■ Your goal: What needs reproducing is the run of lines in the data below starting at the line with "southeast asian yogi" and ending at the line with "A lady wearing", both ends included. Copy it exactly, without pictures, and add nothing.

■ Record set:
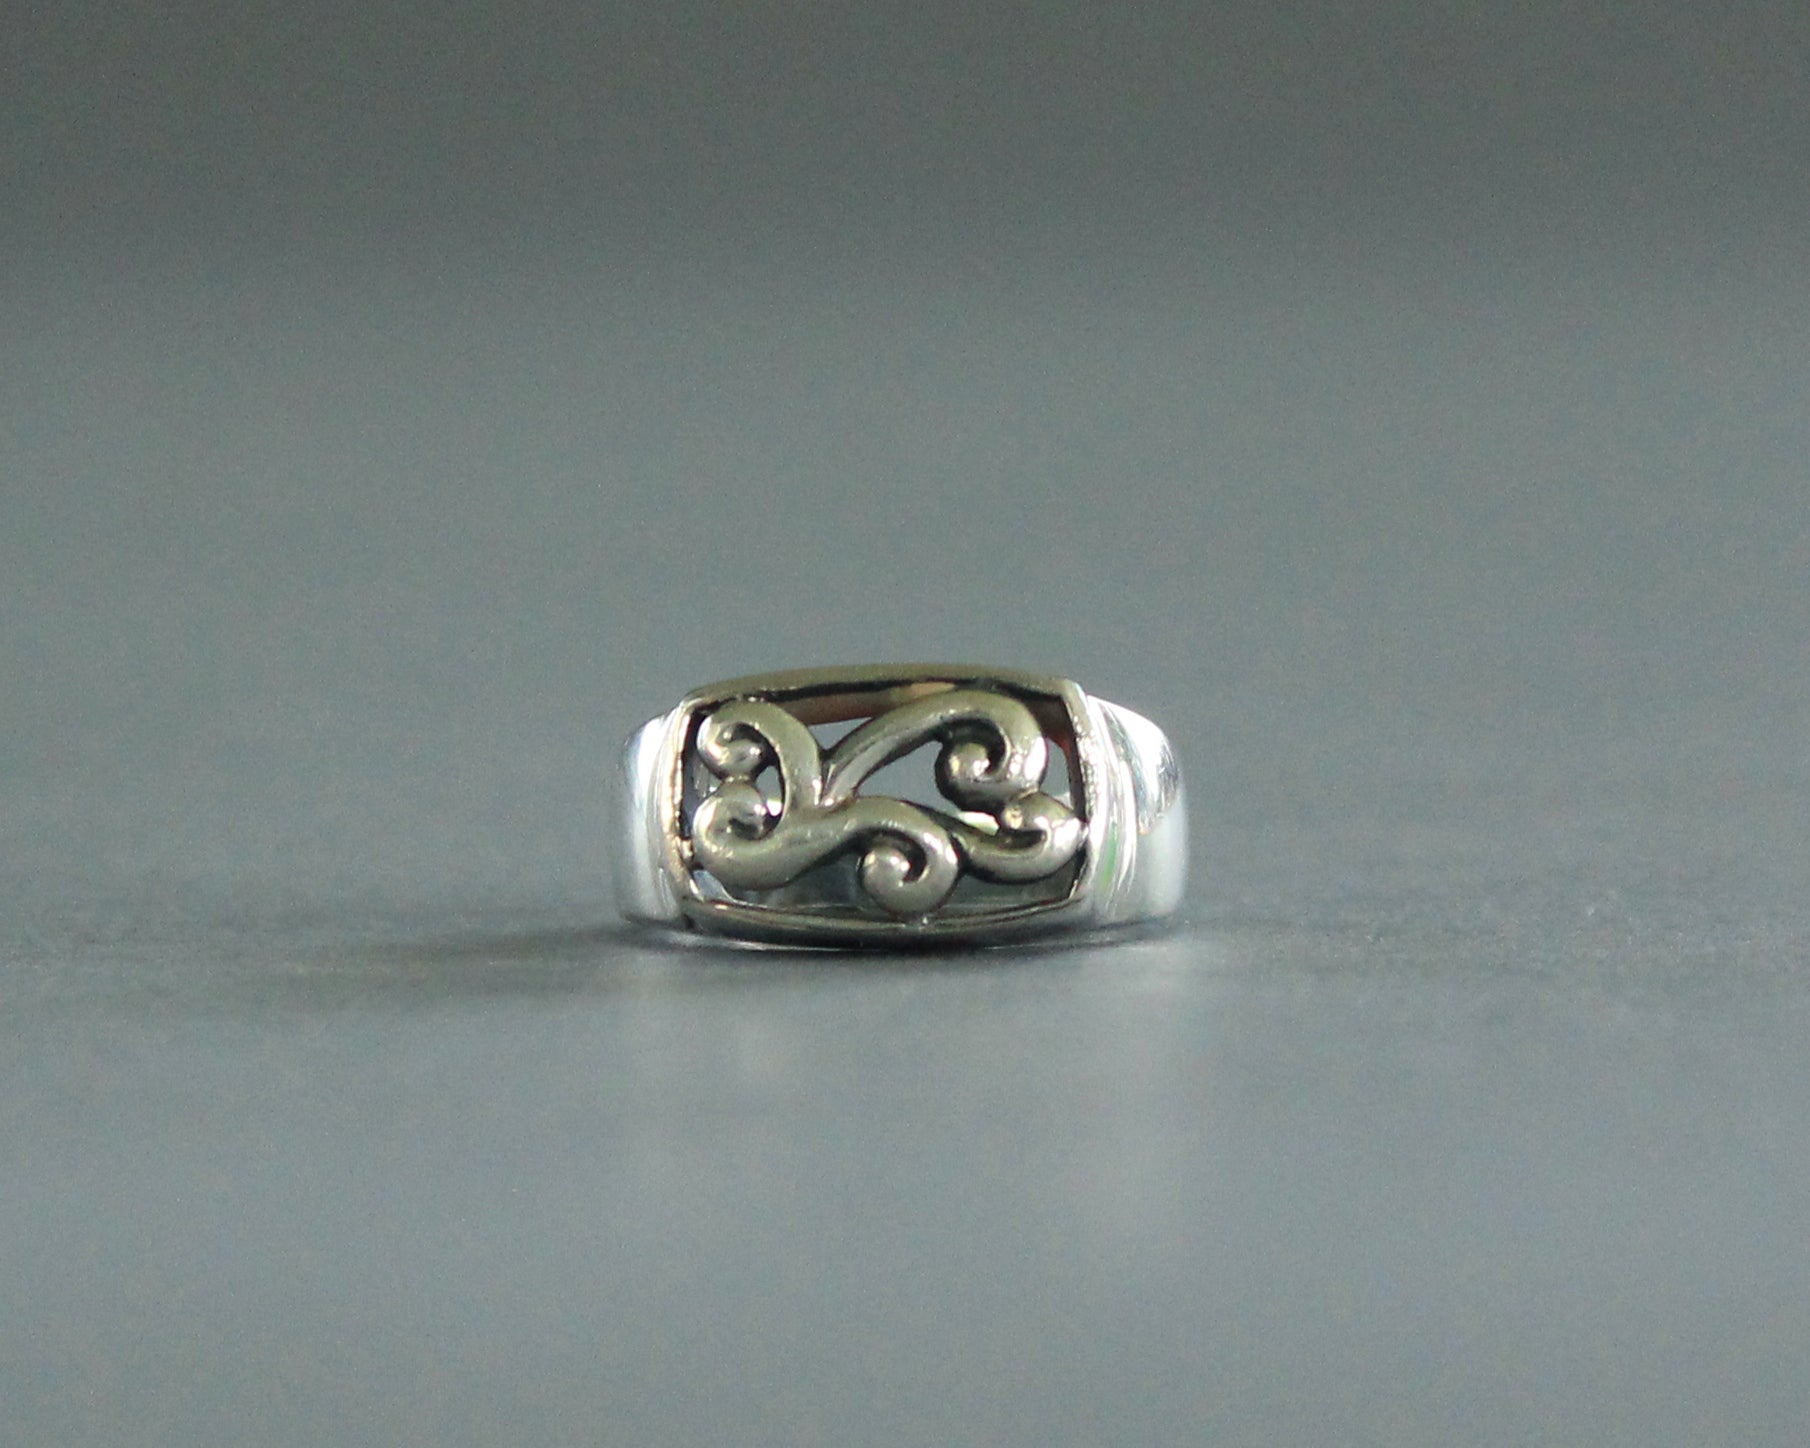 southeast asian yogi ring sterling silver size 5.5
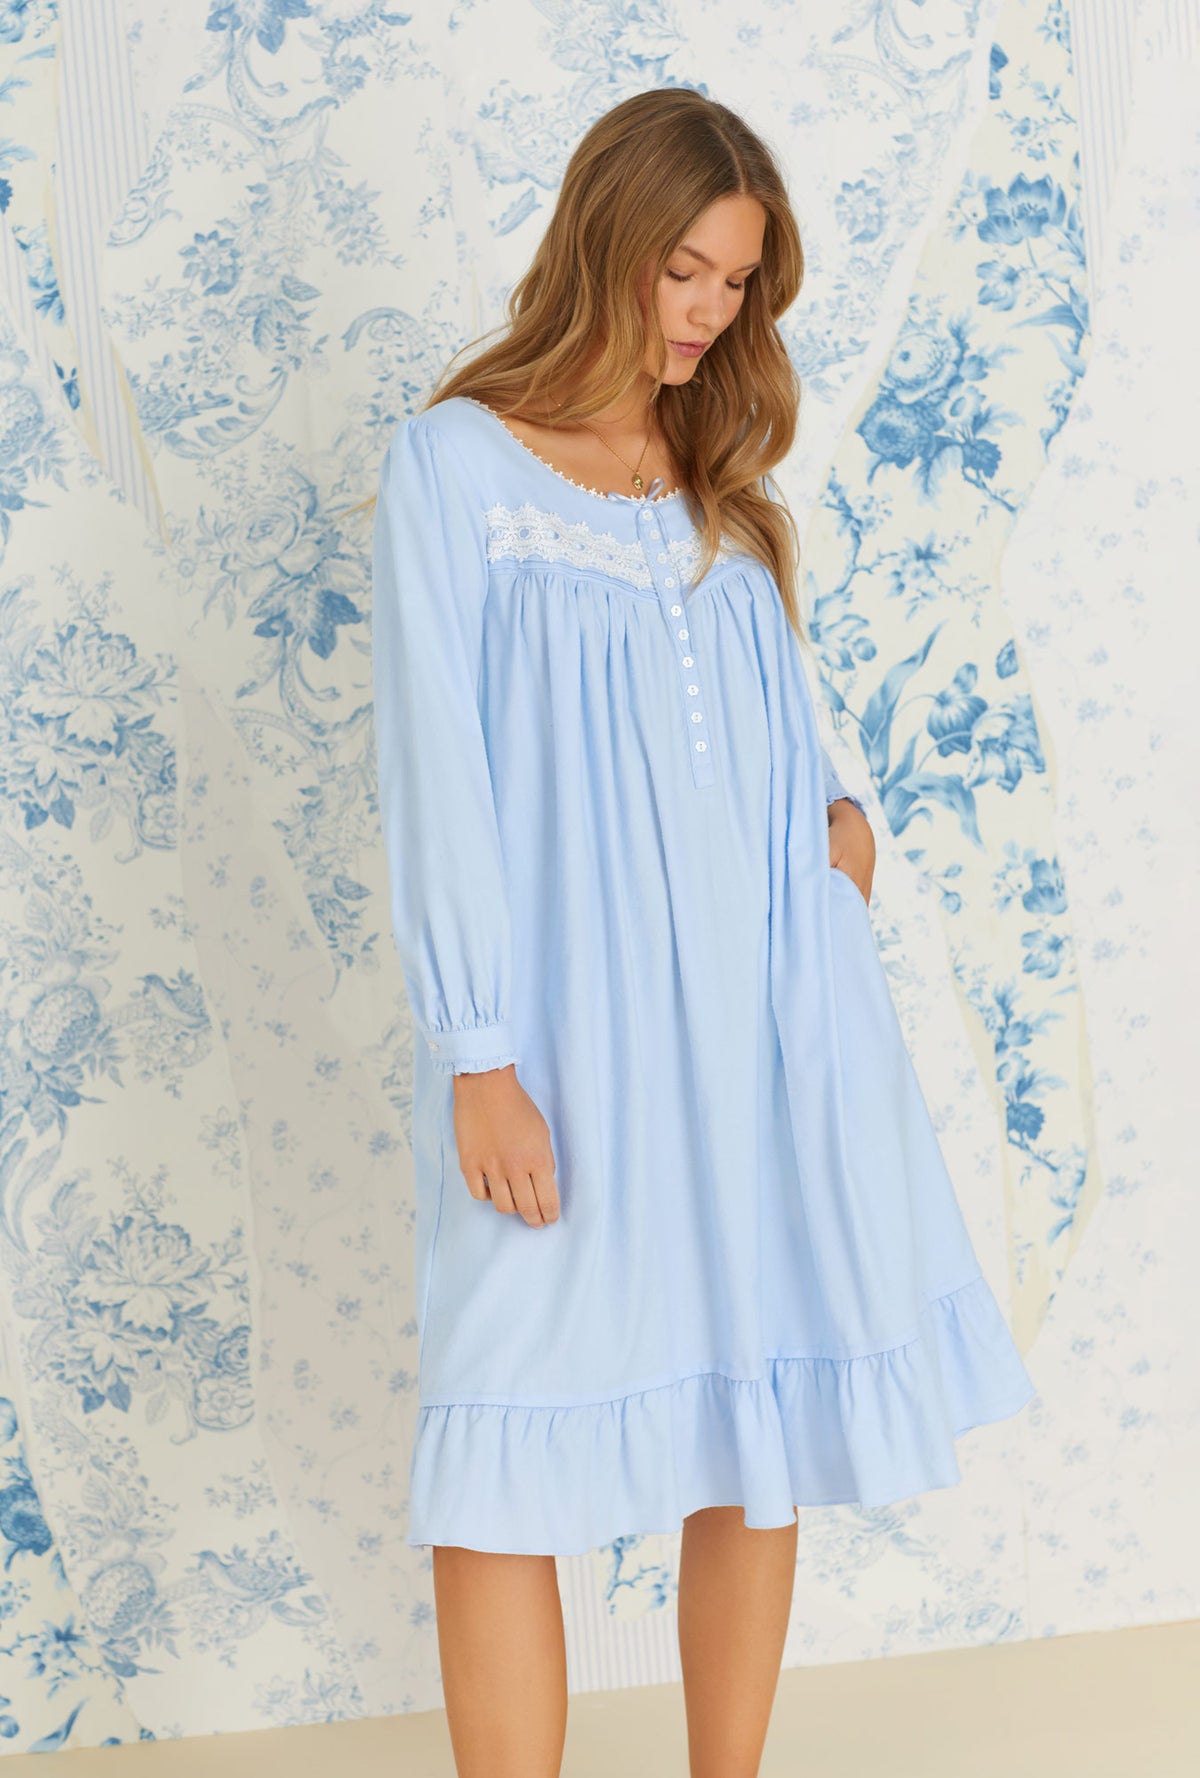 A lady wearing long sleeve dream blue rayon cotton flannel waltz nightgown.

---

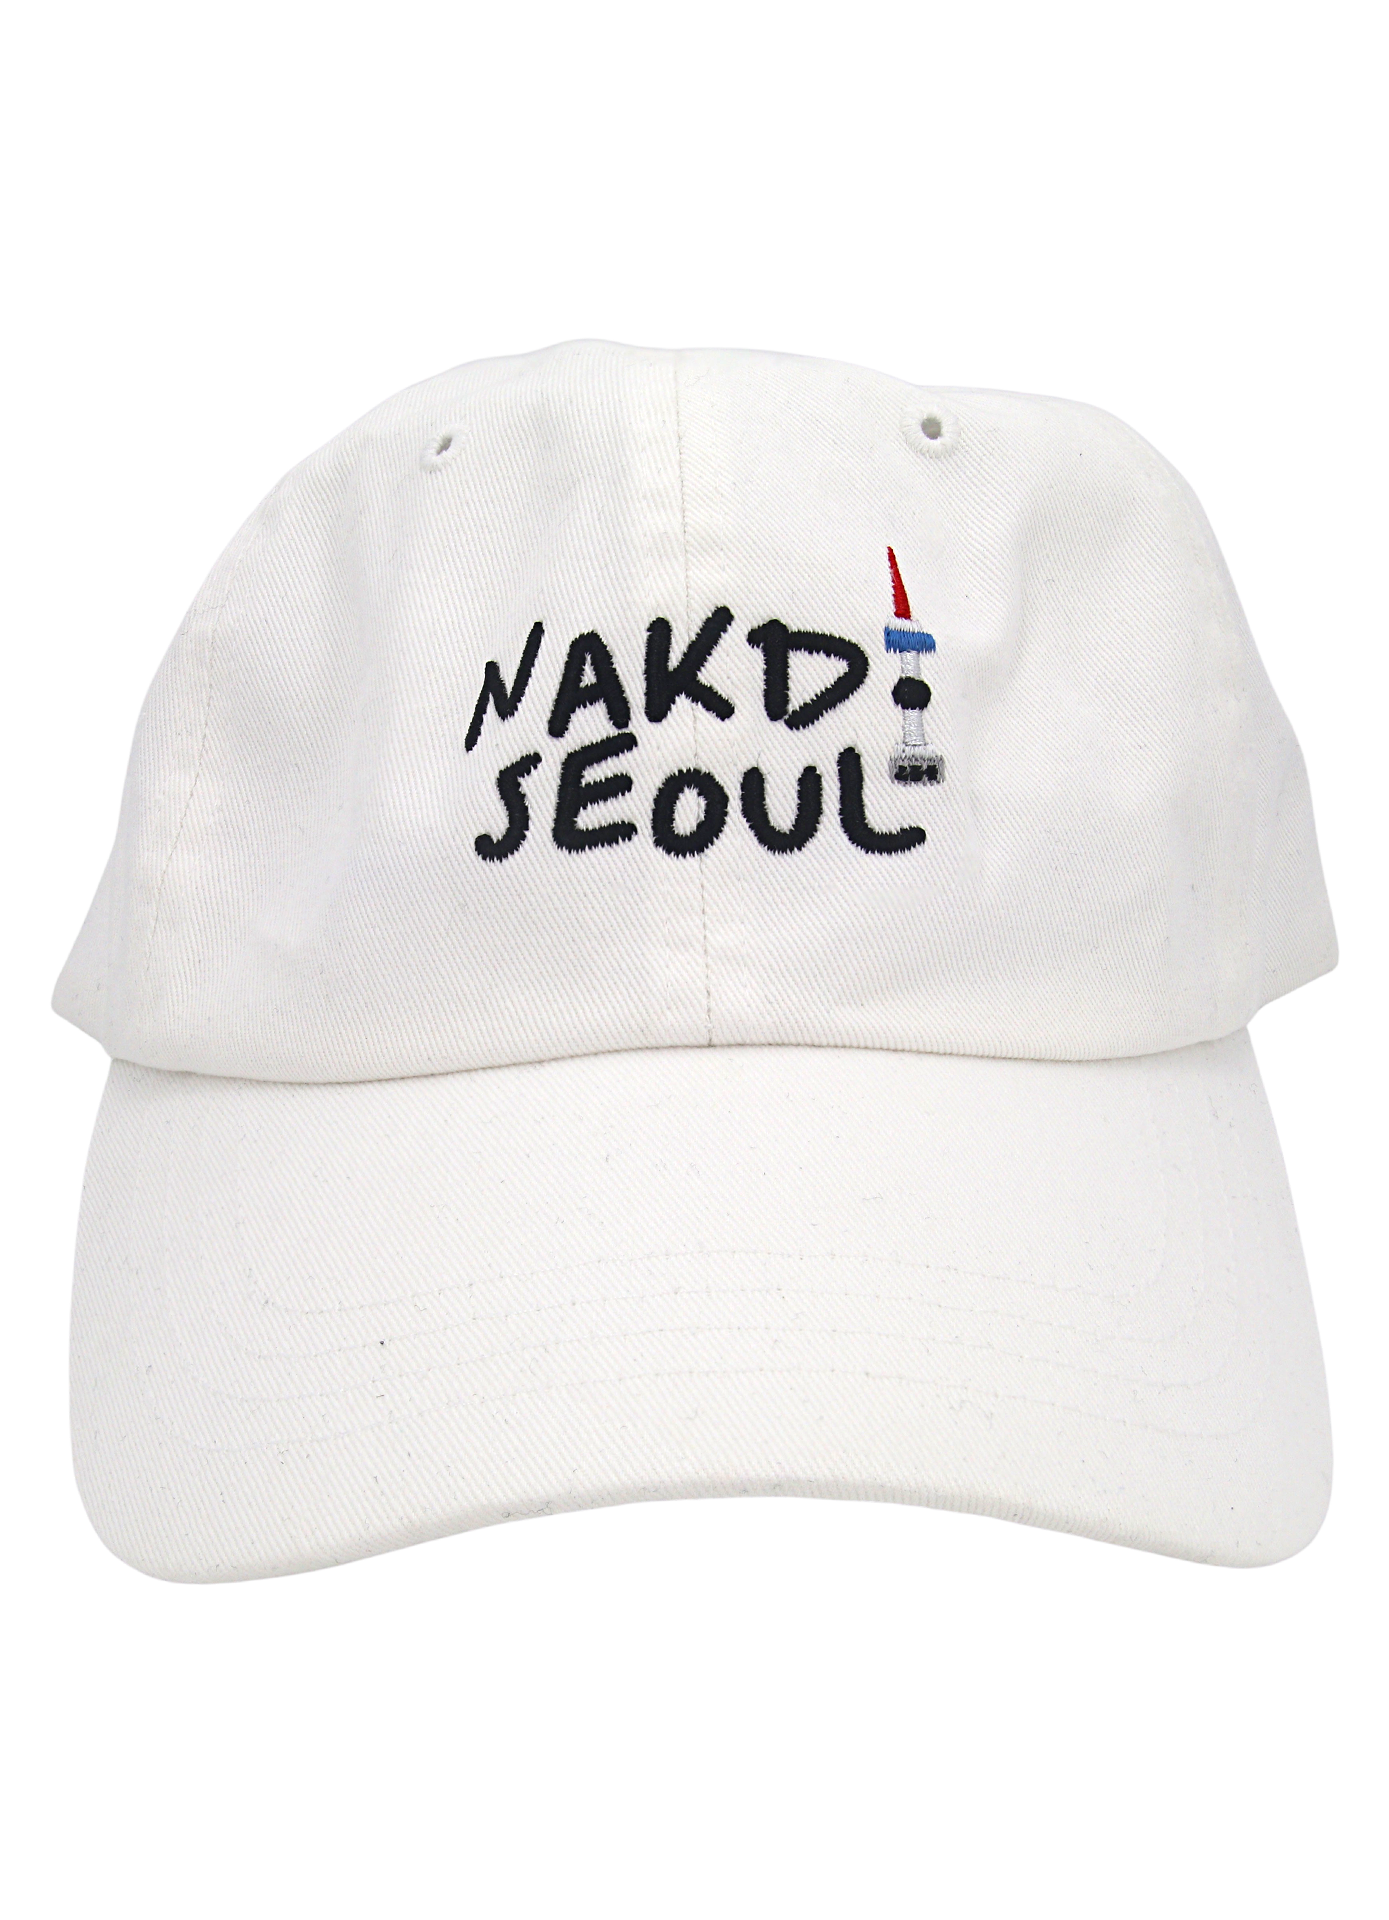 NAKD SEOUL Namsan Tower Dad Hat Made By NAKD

---

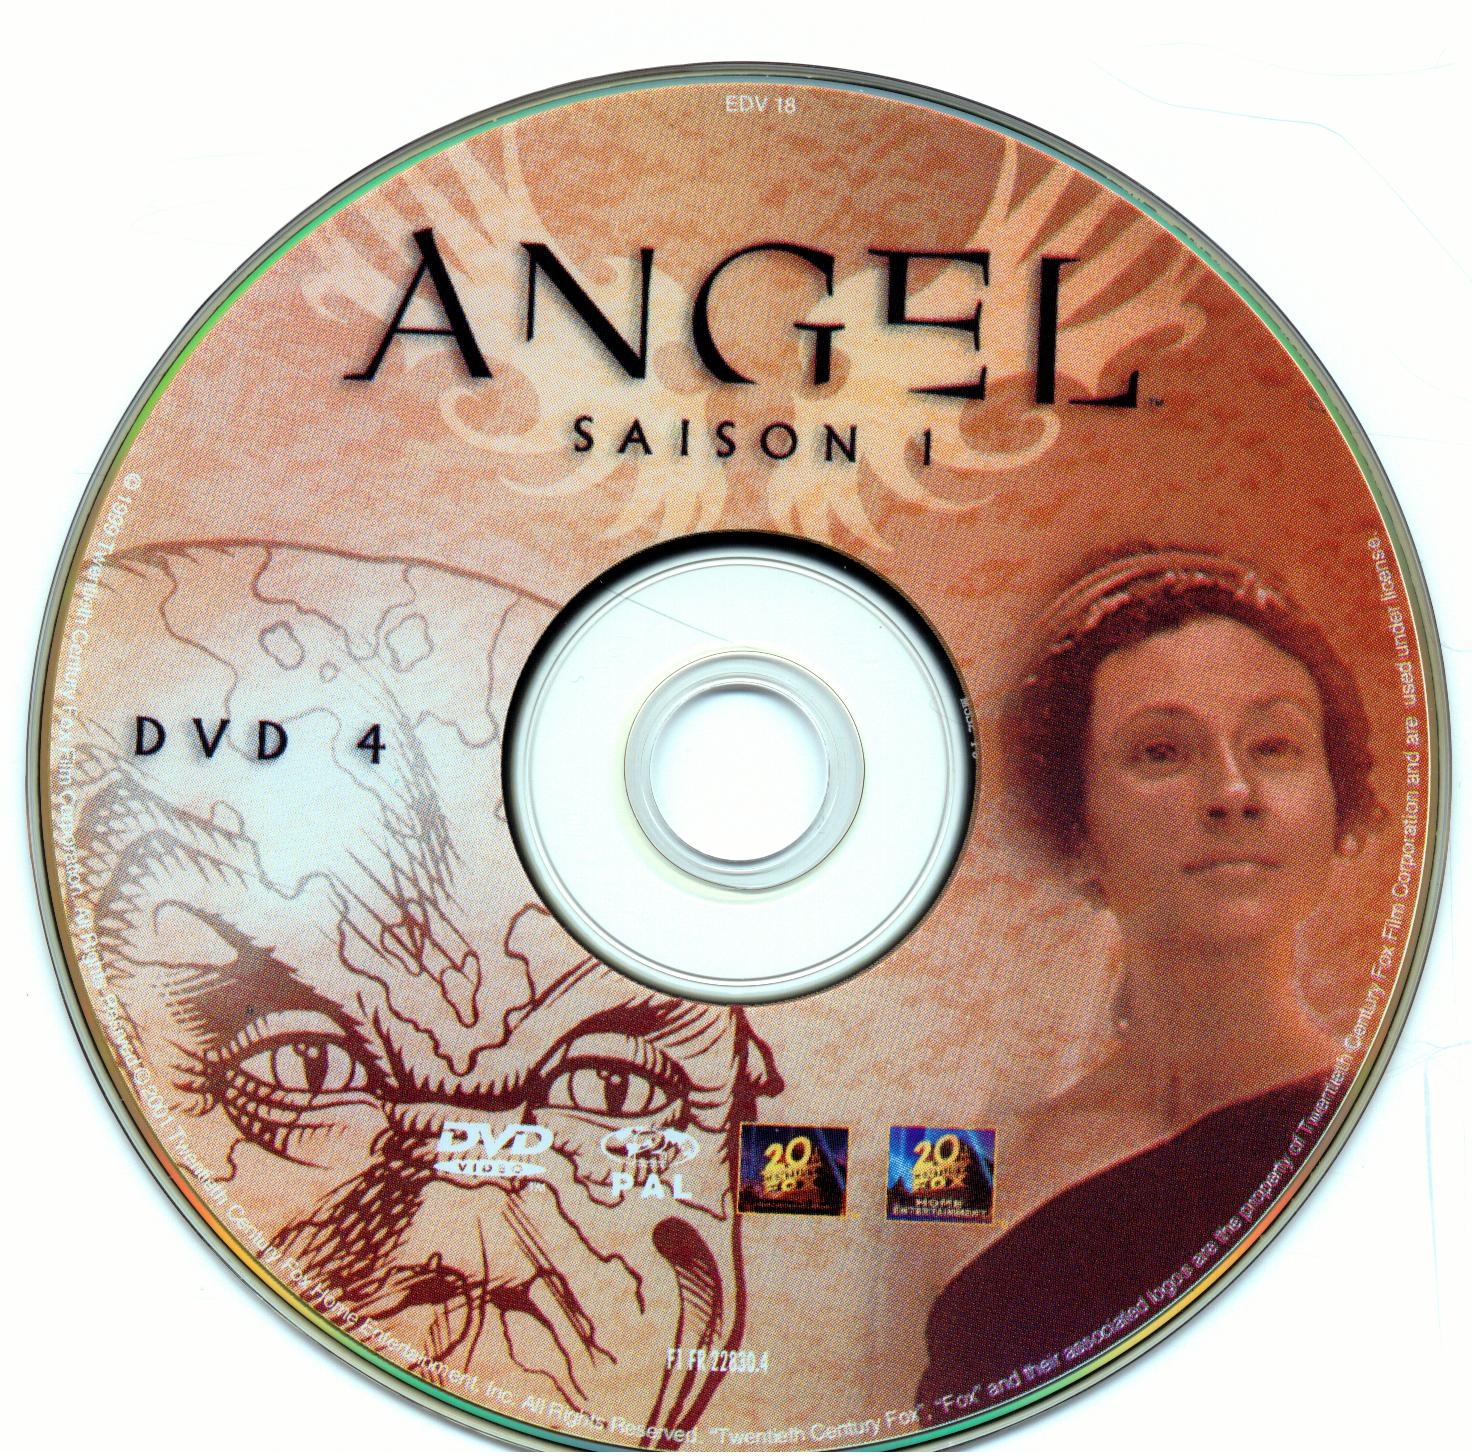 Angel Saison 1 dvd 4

■ Exercise output:
 southeast asian yogi ring sterling silver size 5.5
 A lady wearing long sleeve dream blue rayon cotton flannel waltz nightgown.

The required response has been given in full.